Statistical Analyses

We report the results of two primary analyses conducted with R version 4.0.2 (R Core Team, 2016).

Are Caregiver Worries About Disclosure Realized?

The first analysis involved the subset of 65 caregivers who reported that their child learned his or her HIV-positive status at some point during the study period. We calculated the proportion of caregivers who expressed a particular worry pre-disclosure and compared it to the proportion of caregivers who reported this outcome post-disclosure. For caregivers who reported that the disclosure took place between the baseline and 6-month follow-up survey, we used the baseline data for the pre-disclosure assessment and the 6-month survey for the post-disclosure assessment. For caregivers who reported that the disclosure took place between the 6- and 12-month follow-up surveys, we used the 6-month survey for the pre-disclosure assessment and the 12-month survey for the post-disclosure assessment.

What is the Impact of Disclosing on Child, Caregiver, and Family Well-Being Outcomes?

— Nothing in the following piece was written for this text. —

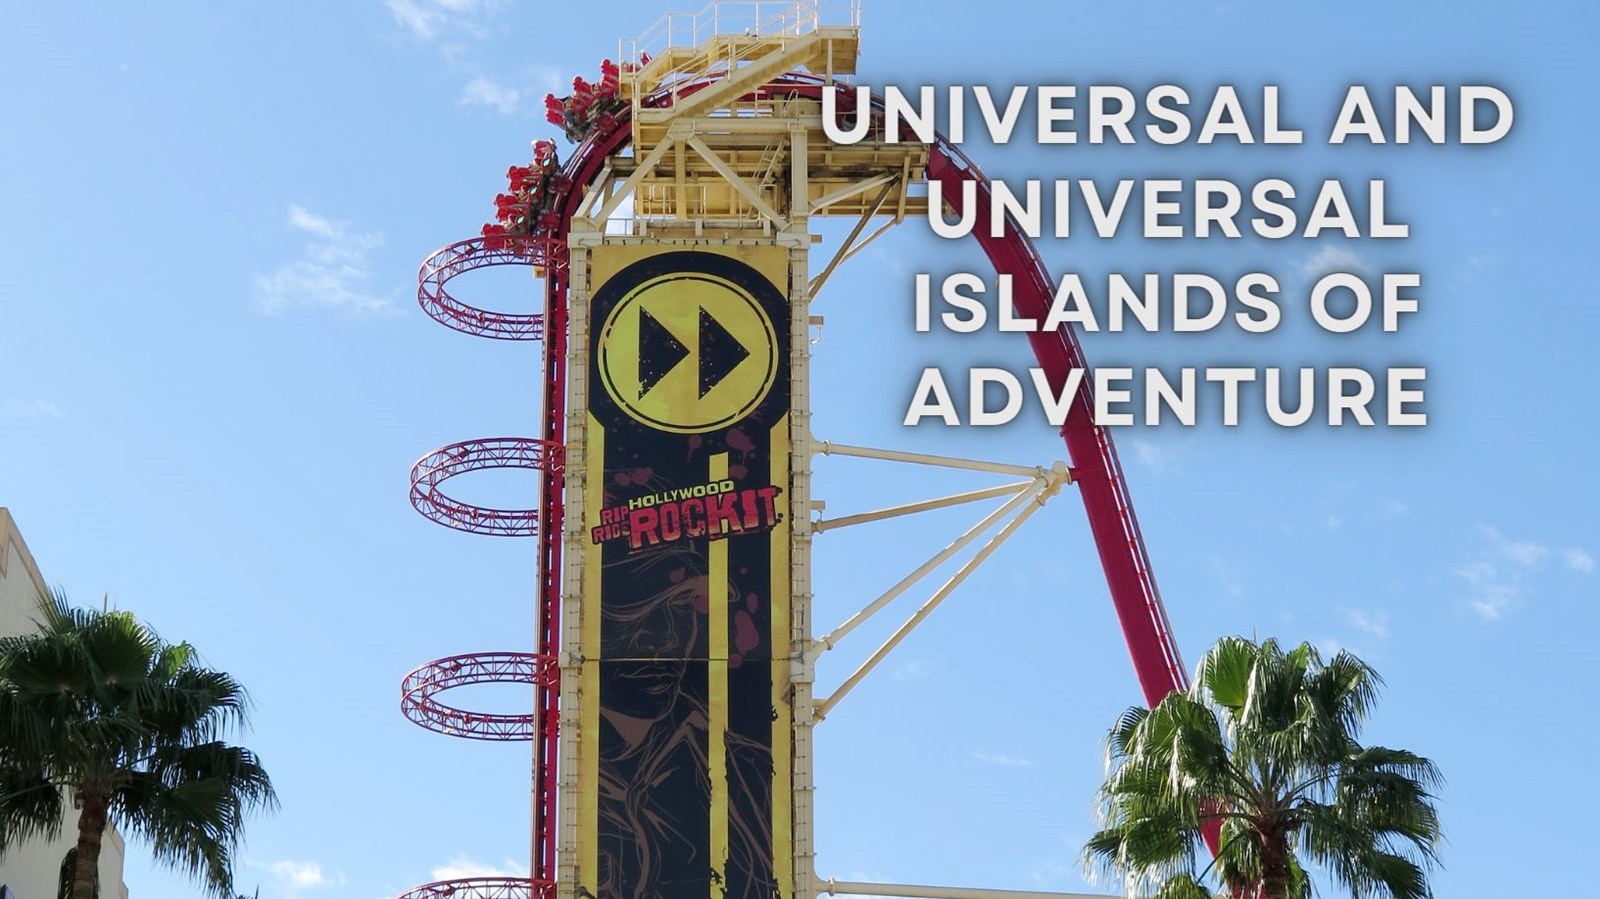 Spotlight - Universal and Universal Islands of Adventure

In the second analysis, we used data from all 111 caregivers to estimate the impact of disclosing on child well-being, caregiver well-being, and family relationship quality over time through a quasi-experimental difference-in-differences analysis. We fit separate Bayesian multilevel regressions of the well-being outcomes on an indicator of disclosure status at the 12-month follow-up survey (0 non-disclosed; 1 disclosed), an indicator of whether the outcome was observed before (0) or after disclosure (1), dummy variables indicating if the observation came from the 6-month or 12-month follow-up survey, and several baseline covariates (caregiver education status, marital status, and HIV serostatus). We developed the causal directed acyclic graph presented in Figure A1 to identify this minimally sufficient covariate adjustment set for estimating the effect of disclosure on well-being outcomes. The models also included a random effect for person to account for the repeated measurement (baseline, 6-month follow-up, 12-month follow-up). We fit these models in a Bayesian setup with default priors using the {brms} package, using Markov-Chain Monte Carlo estimation to sample from the posterior distributions (version 2.13.5; Bürkner, 2018). In the interest of transparency and completeness, we also present the results of a multiverse analysis that implements different analytical decisions.

Ethical Review

Institutional review boards at OMITTED joined the Joint Parirenyatwa Hospital and College of Health Sciences Research Committee and the Medical Research Council of Zimbabwe in reviewing and approving the study protocol. All study participants provided written informed consent.

Results

Sample Characteristics

Of the 123 eligible caregivers in the prospective cohort, 111 completed all three waves of data collection (90%). Table A1 in the Appendix compares the found and unfound subgroups. Baseline characteristics of the complete data sample are reported in Table 1. The majority of caregivers were female with an average age of 49.4 years (range 18 to 86 years). Most caregivers were married with households categorized in the two poorest wealth quintiles relative to national data. 3 out of 5 caregivers surveyed were not biological parents, with grandparents making up 35% of the sample. The sample of reference children was balanced on gender, and the average child was 11.7 years old (range 9 to 15 years). Caregivers of children who learned their HIV status during the study follow-up period were slightly younger on average and more educated, but otherwise very similar to the caregivers of children who did not learn their HIV status.

Table 1.

Baseline characteristics of sample by final disclosure status at 12-months

Child Learned HIV Status
Characteristic Overall (N=111) No (N=46) Yes (N=65)
Caregivers
Mean age (SD) 49.4 (14.7) 52.1 (16.0) 47.5 (13.5)
Female 100 (90%) 40 (87%) 60 (92%)
Biological caregiver 44 (40%) 19 (41%) 25 (38%)
HIV positive 66 (59%) 27 (59%) 39 (60%)
Completed primary 64 (58%) 21 (46%) 43 (66%)
Married 68 (61%) 28 (61%) 40 (62%)
Poorest 2 wealth quintiles 73 (66%) 29 (63%) 44 (68%)
Mean PHQ-9 score (SD) 0.4 (0.5) 0.4 (0.4) 0.4 (0.5)
Mean Family Relationship Quality score (SD) 0.6 (0.4) 0.6 (0.4) 0.6 (0.4)
Reference Children
Mean age (SD) 11.7 (1.8) 11.7 (1.8) 11.8 (1.7)
Female 57 (51%) 24 (52%) 33 (51%)
SDQ Total Difficulties score (SD) 0.3 (0.3) 0.3 (0.2) 0.3 (0.3)

Pediatric HIV Disclosure

According to the prospective study design, all 111 caregivers in the prospective cohort reported in the baseline survey that their child did not know that they were HIV-positive at the start of the study. Sixty-five of these caregivers (59%) reported that their child learned their status over the course of the 12-month follow-up period. Among this group of disclosed children, the mean time to disclosure was 5.6 months (SD=3.6). Table 1 presents baseline characteristics of caregivers and reference children by ultimate disclosure status.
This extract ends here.